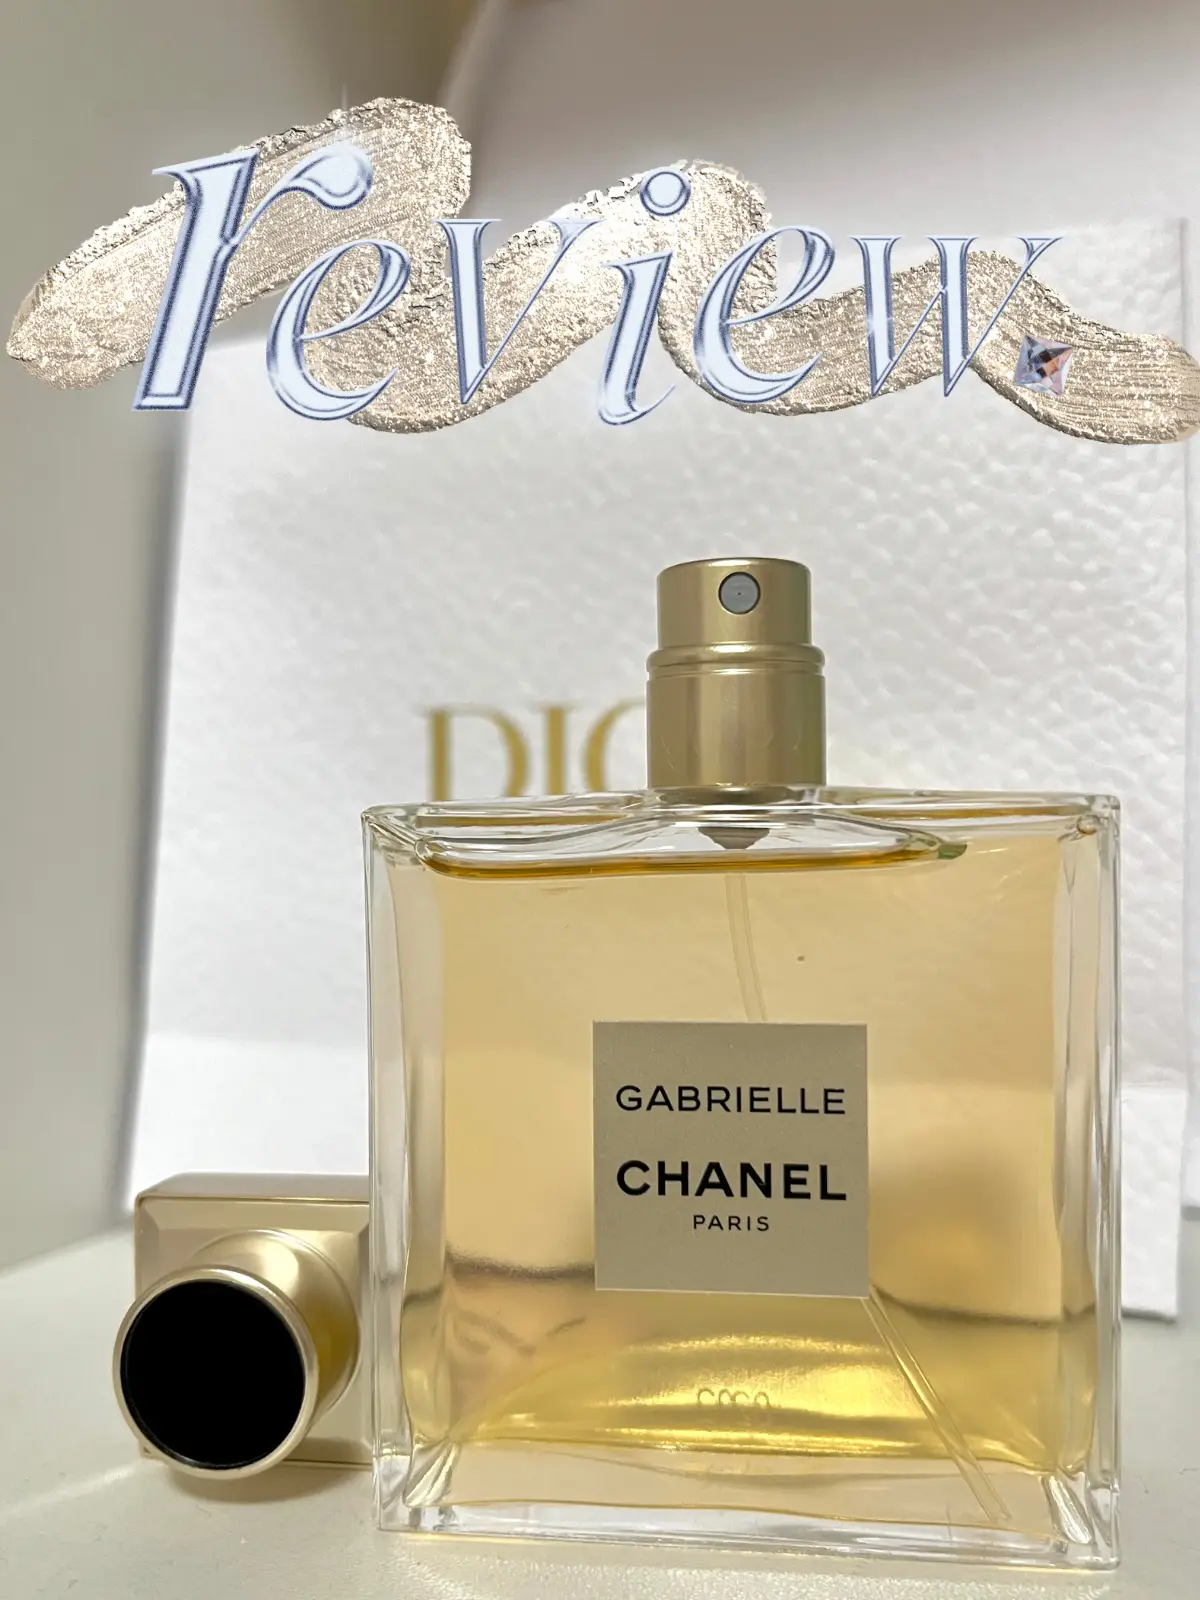 gabrielle chanel perfume review, Elegant scented charming ✨, Gallery  posted by primmymine♡
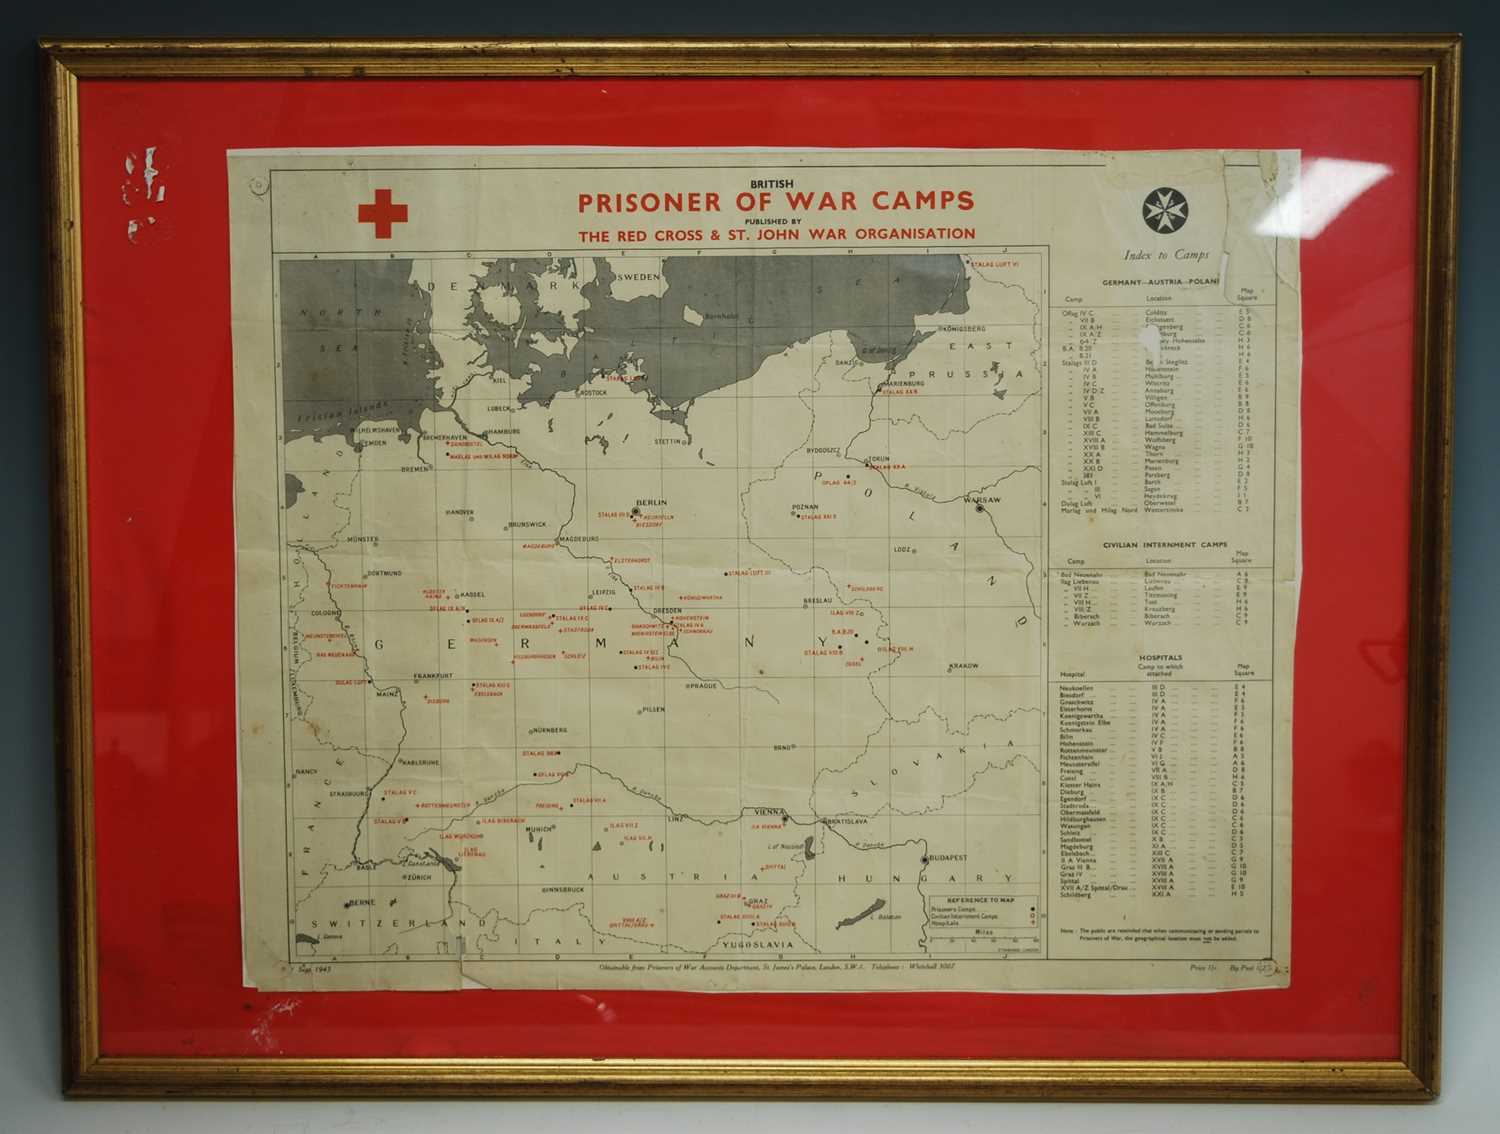 A WW II map of Northern Europe, British Prisoner of War Camps, Published by The Red Cross & St
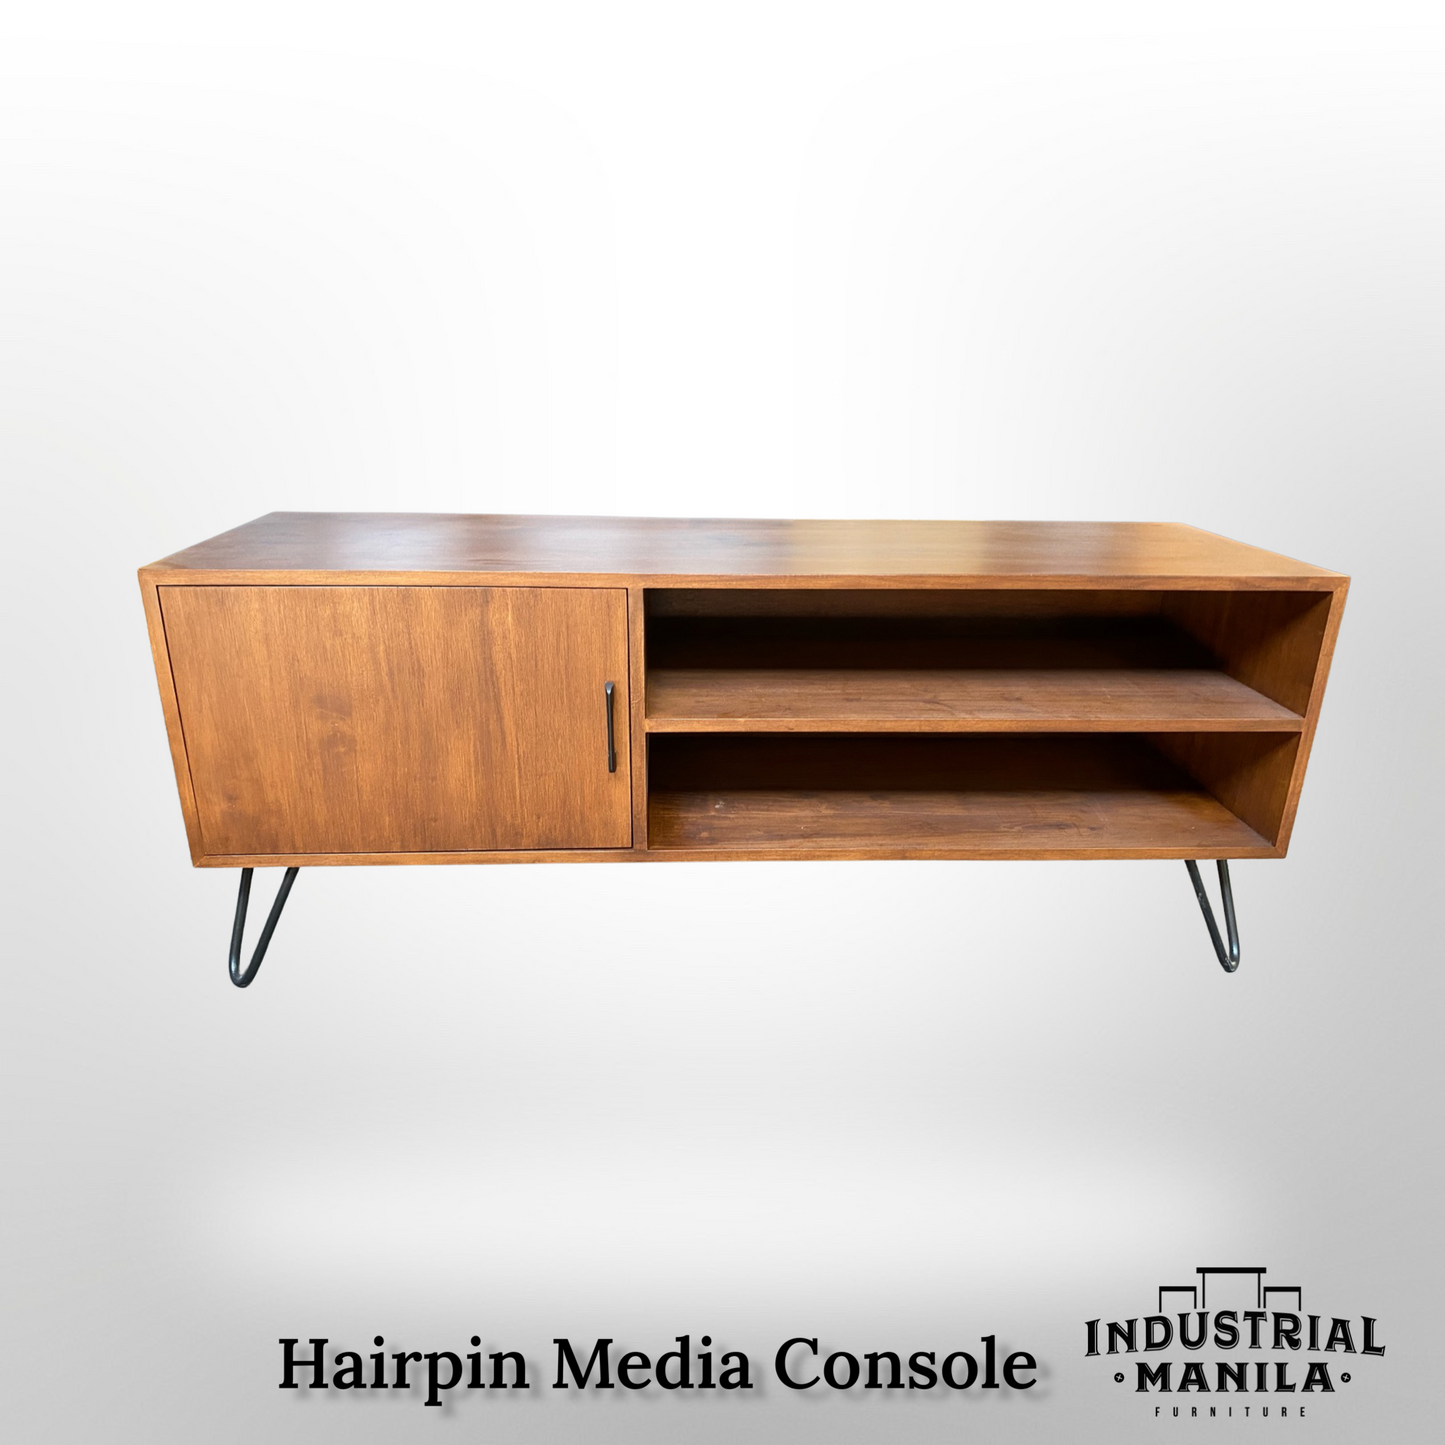 Hairpin Media Console

### [EXERCISE GOAL]
None of the pictures should be reproduced; all other material above must be set down exactly.

### [OUTPUT]
 gabrielle chanel perfume review, Elegant scented charming ✨, Gallery  posted by primmymine♡
 A WW II map of Northern Europe, British Prisoner of War Camps, Published by The Red Cross & St
 Hairpin Media Console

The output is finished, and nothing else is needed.